Multiply Columns Together Based on Condition-CodePudding

Is there a way for me to dynamically multiply columns together based on a value in another column in Python? I'm using Polars if that makes a difference. For example, if calendar_year is 2018, I'd want to multiply columns 2018, 2019, 2020, and 2021 together, but if calendar_year is 2019, I'd only want to multiply columns 2019, 2020, and 2021 together. I'd like to store the result in a new column called product. In the future, we'll have additional columns such as 2022, and 2023, so I'd love the ability to have my formula account for these new columns without having to go into the code base each year and add them to my product manually.

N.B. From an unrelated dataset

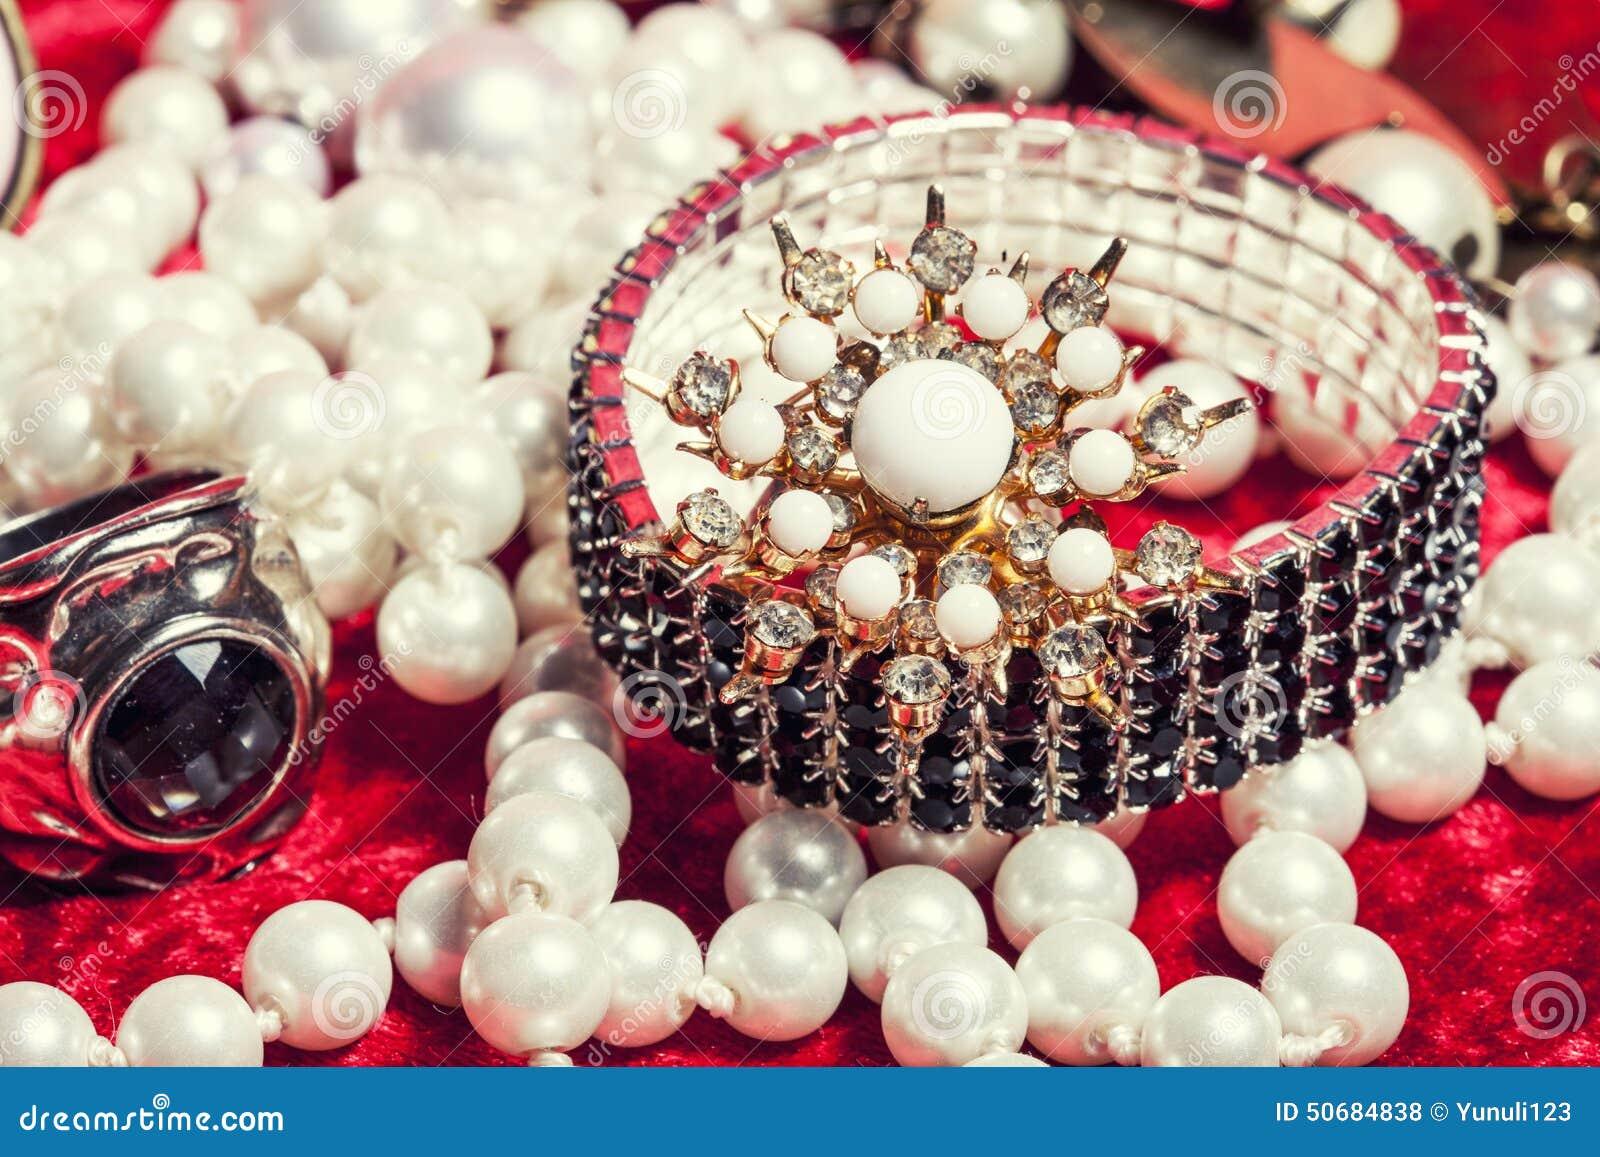 Download 全部首饰关闭在红色天鹅绒箱子,圆环 库存照片. 图片 包括有 宝石, 对象, 成串珠状, 链子, 豪华, beautifuler - 50684838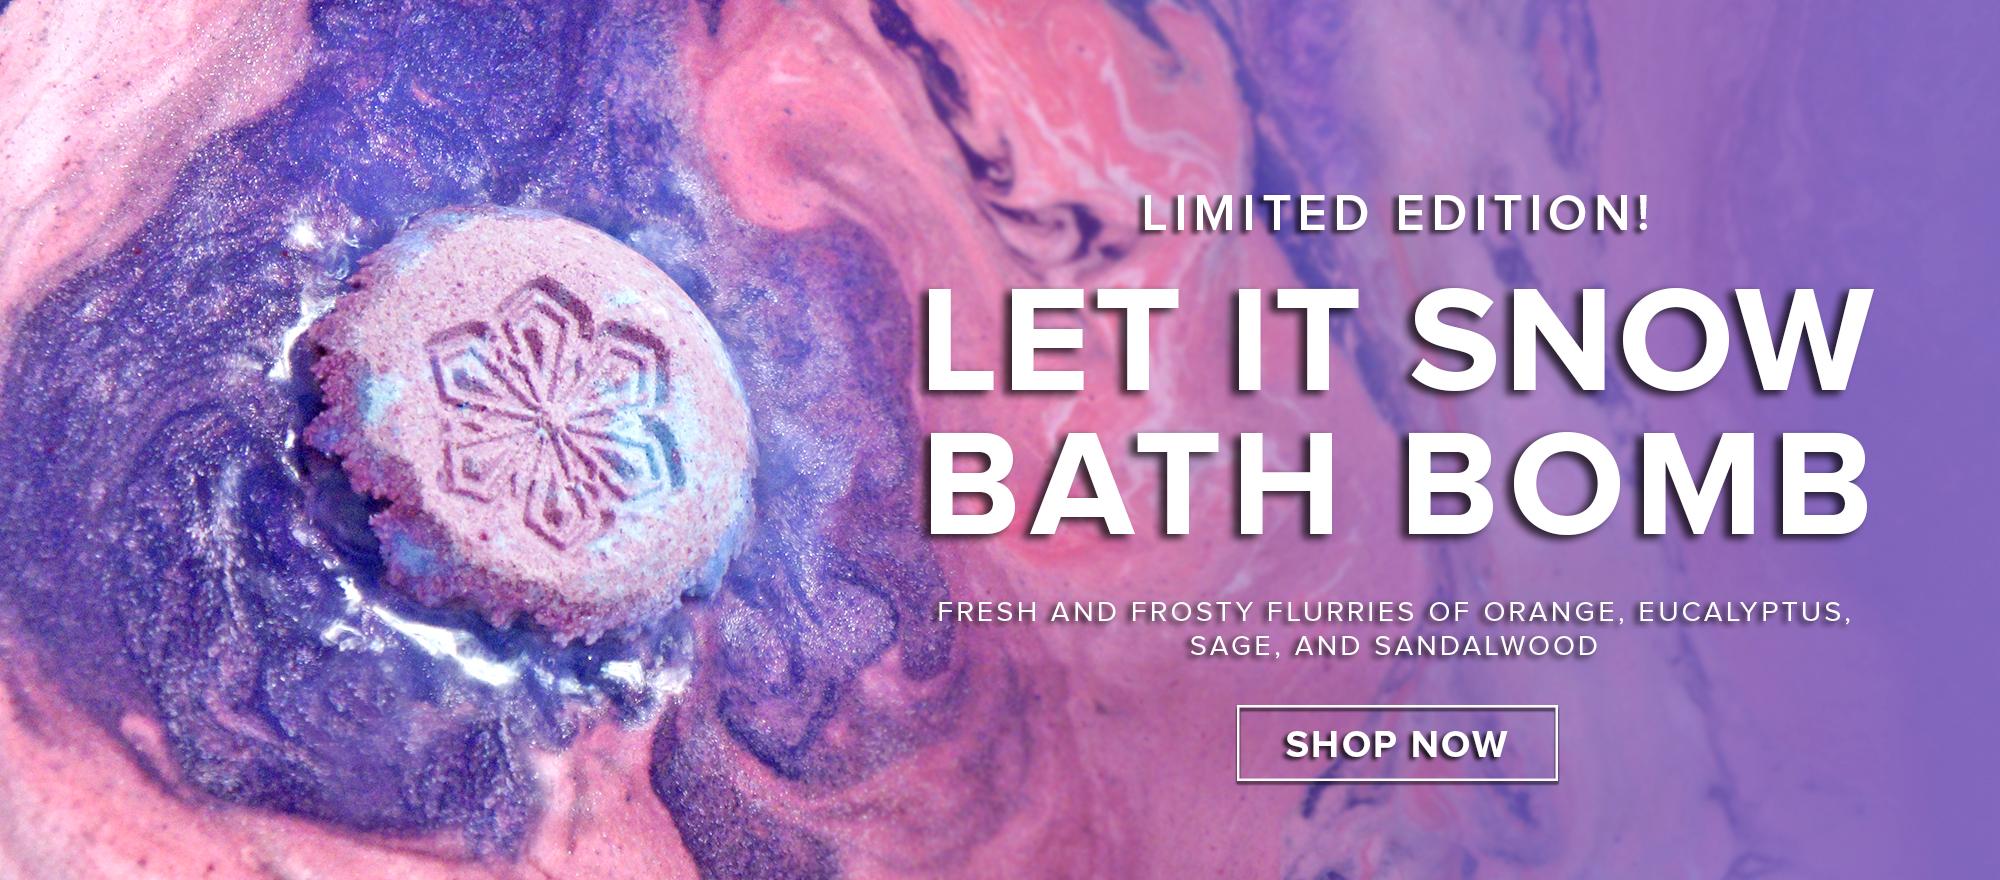 Let It Snow Bath Bomb

id	...	calendar_year	2017	2018	2019	2020	2021	product
123	...	2018	0.998	0.997	0.996	0.995	0.994	0.9801
456	...	2019	0.993	0.992	0.991	0.990	0.989	0.9557

Thanks in advance for the help!

CodePudding user response：

I think you could use the np.where(condition,then,else) function to do that. Do you want to create a new column with the result of that operation? This could work

df['2018_result'] = np.where(df.calendar_year.isin(['2019','2020','2021']),df.2019*df.2020*df.2021, 'add more calculations')

Would be great if you can provide more details :)

CodePudding user response：

It looks like you want to multiply CY factors for all years beyond calendar_year, and not have to update this logic for each year.

If that's the case, one way to avoid hard-coding the CY selections is to use melt and filter the results.

(
    df
    .select([
        'id',
        'calendar_year',
        pl.col('^20\d\d$')
    ])
    .melt(
        id_vars=['id', 'calendar_year'],
        variable_name='CY',
        value_name='CY factor',
    )
    .with_column(pl.col('CY').cast(pl.Int64))
    .filter(pl.col('CY') >= pl.col('calendar_year'))
    .groupby('id')
    .agg(
        pl.col('CY factor').product().alias('product')
    )
)

shape: (2, 2)
┌─────┬──────────┐
│ id  ┆ product  │
│ --- ┆ ---      │
│ i64 ┆ f64      │
╞═════╪══════════╡
│ 456 ┆ 0.970298 │
├╌╌╌╌╌┼╌╌╌╌╌╌╌╌╌╌┤
│ 123 ┆ 0.982119 │
└─────┴──────────┘

From there, you can join the result back to your original dataset (using the id column).